TASK –
Please reproduce the lines of the records below from the one holding "Tymk-1200 Hot Foil" through the one holding "Alternate Image 3", inclusive, skipping all pictures.

DATA IN THIS EXERCISE –
_ _ _ _ _

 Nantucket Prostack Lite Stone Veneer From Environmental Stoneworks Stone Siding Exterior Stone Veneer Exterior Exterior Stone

_ _ _ _ _

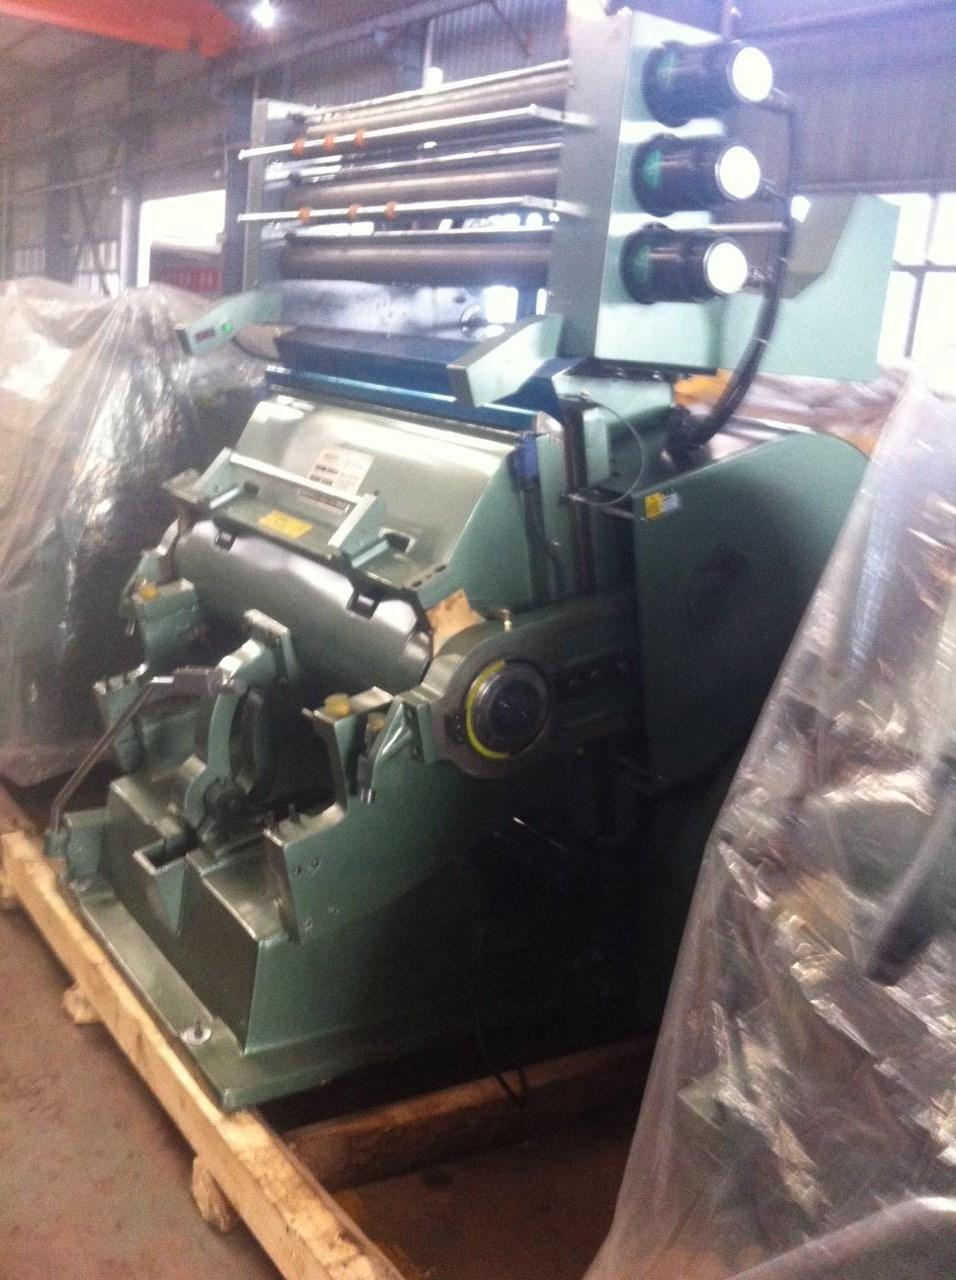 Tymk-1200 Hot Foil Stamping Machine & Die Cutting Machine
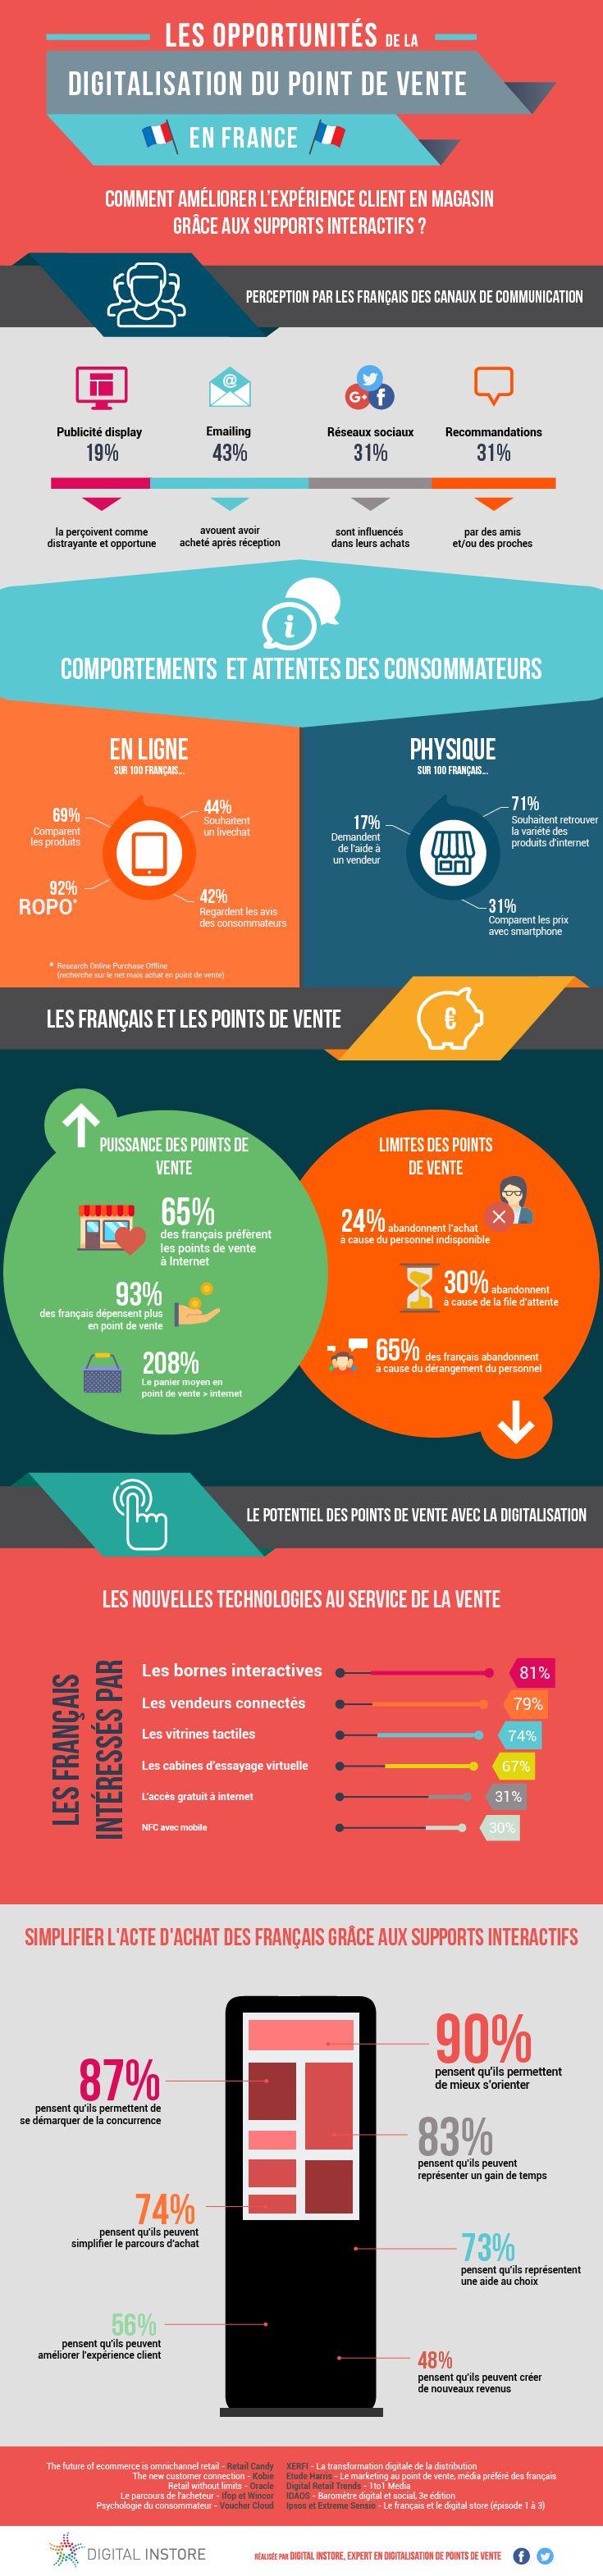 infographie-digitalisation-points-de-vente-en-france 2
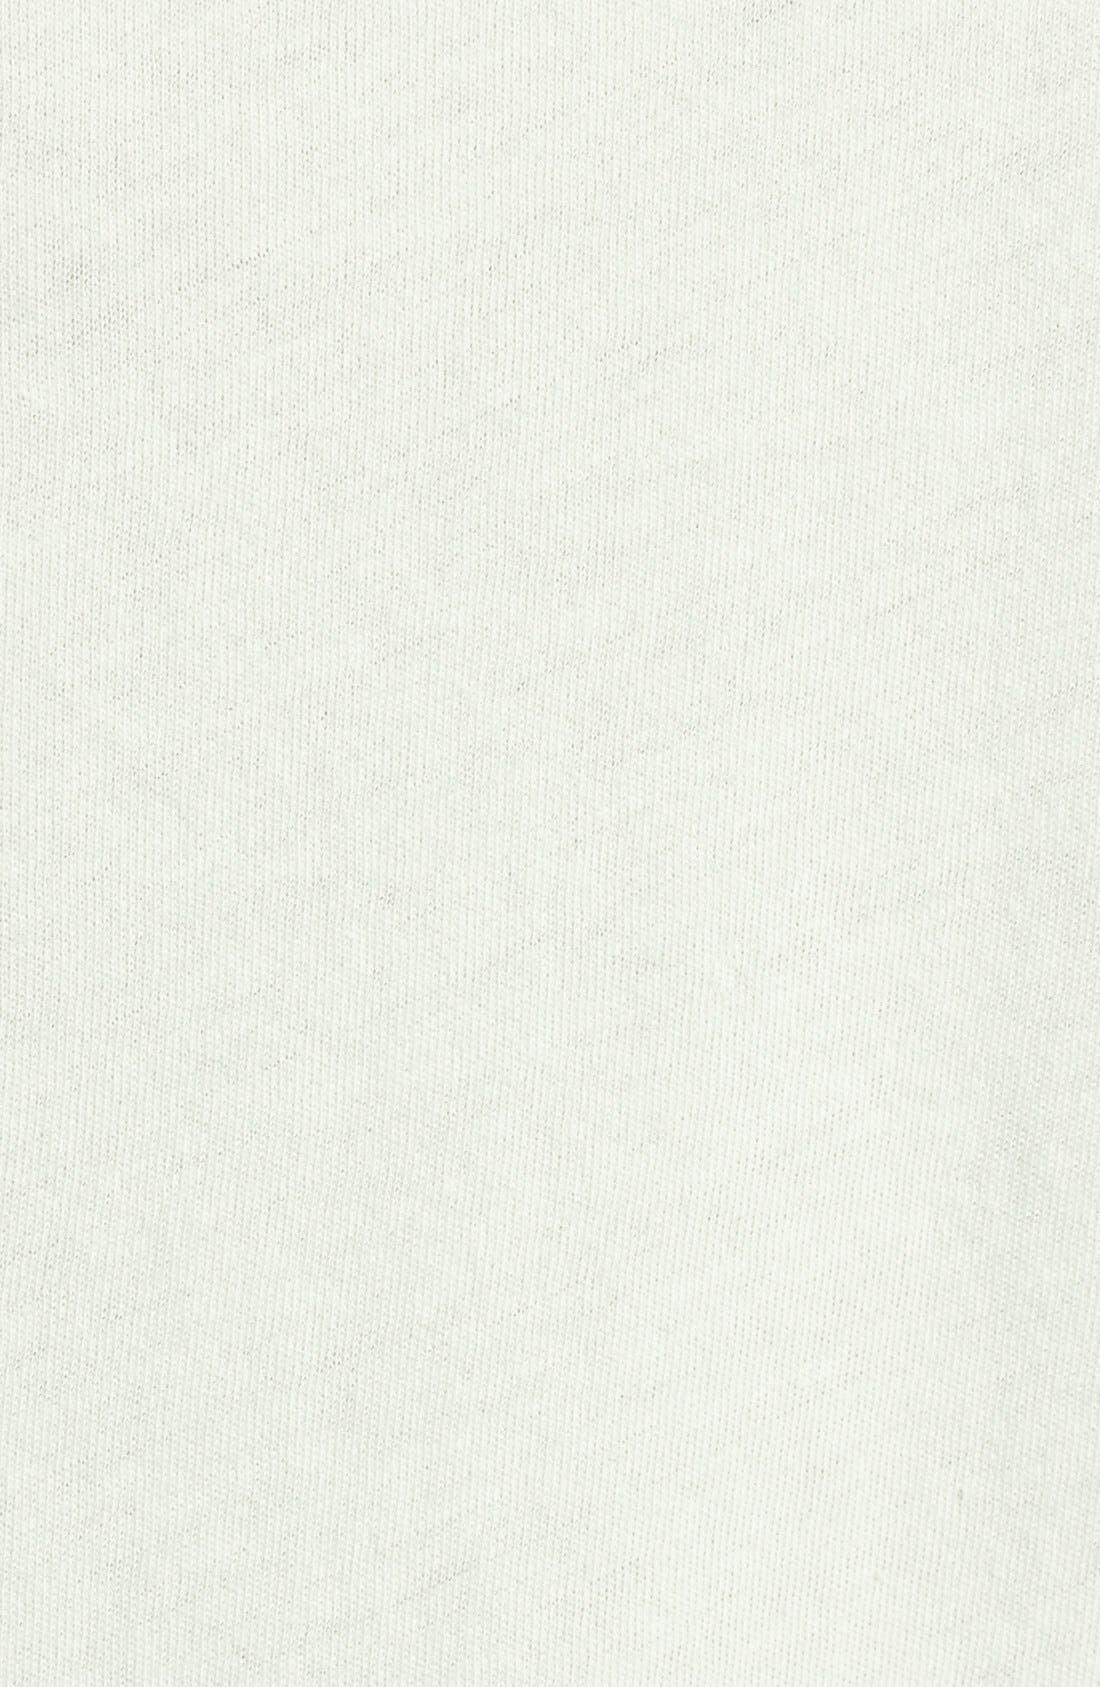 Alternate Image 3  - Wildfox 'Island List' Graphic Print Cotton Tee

_ _ _ _ _

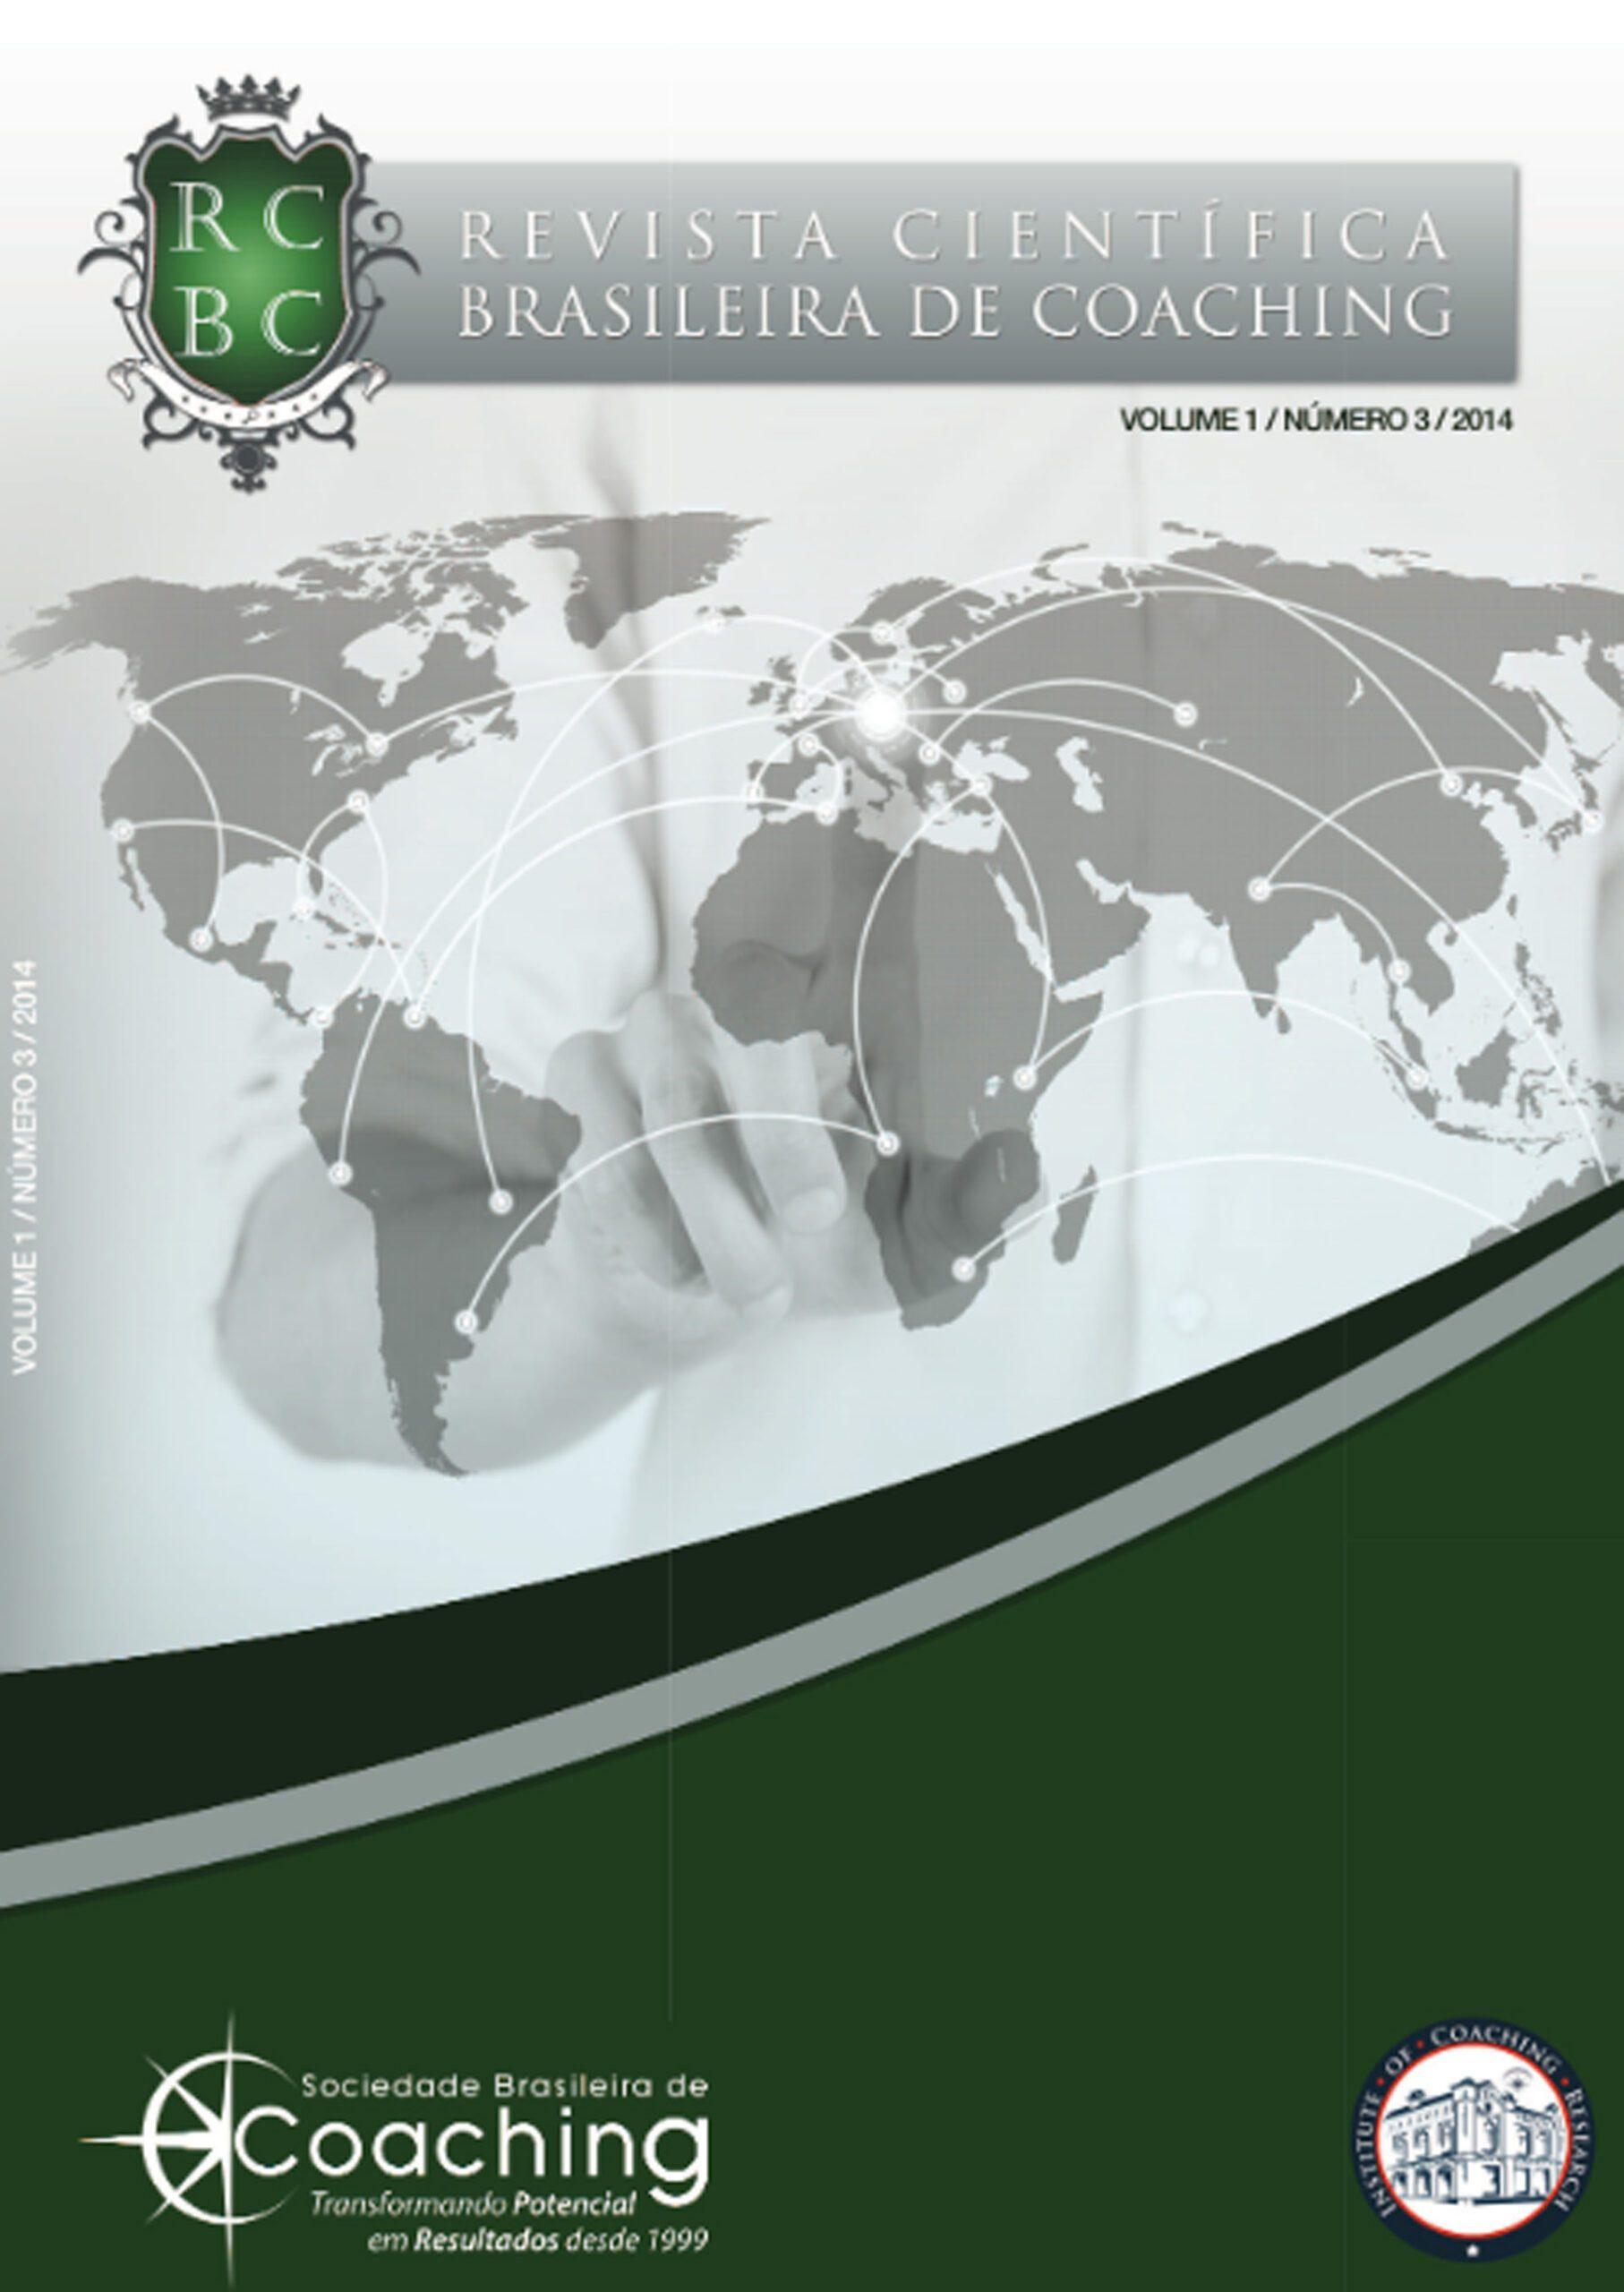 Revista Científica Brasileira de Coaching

_ _ _ _ _

RESPONSE TO THE TASK –
 Tymk-1200 Hot Foil Stamping Machine & Die Cutting Machine
 infographie-digitalisation-points-de-vente-en-france 2
 Alternate Image 3  - Wildfox 'Island List' Graphic Print Cotton Tee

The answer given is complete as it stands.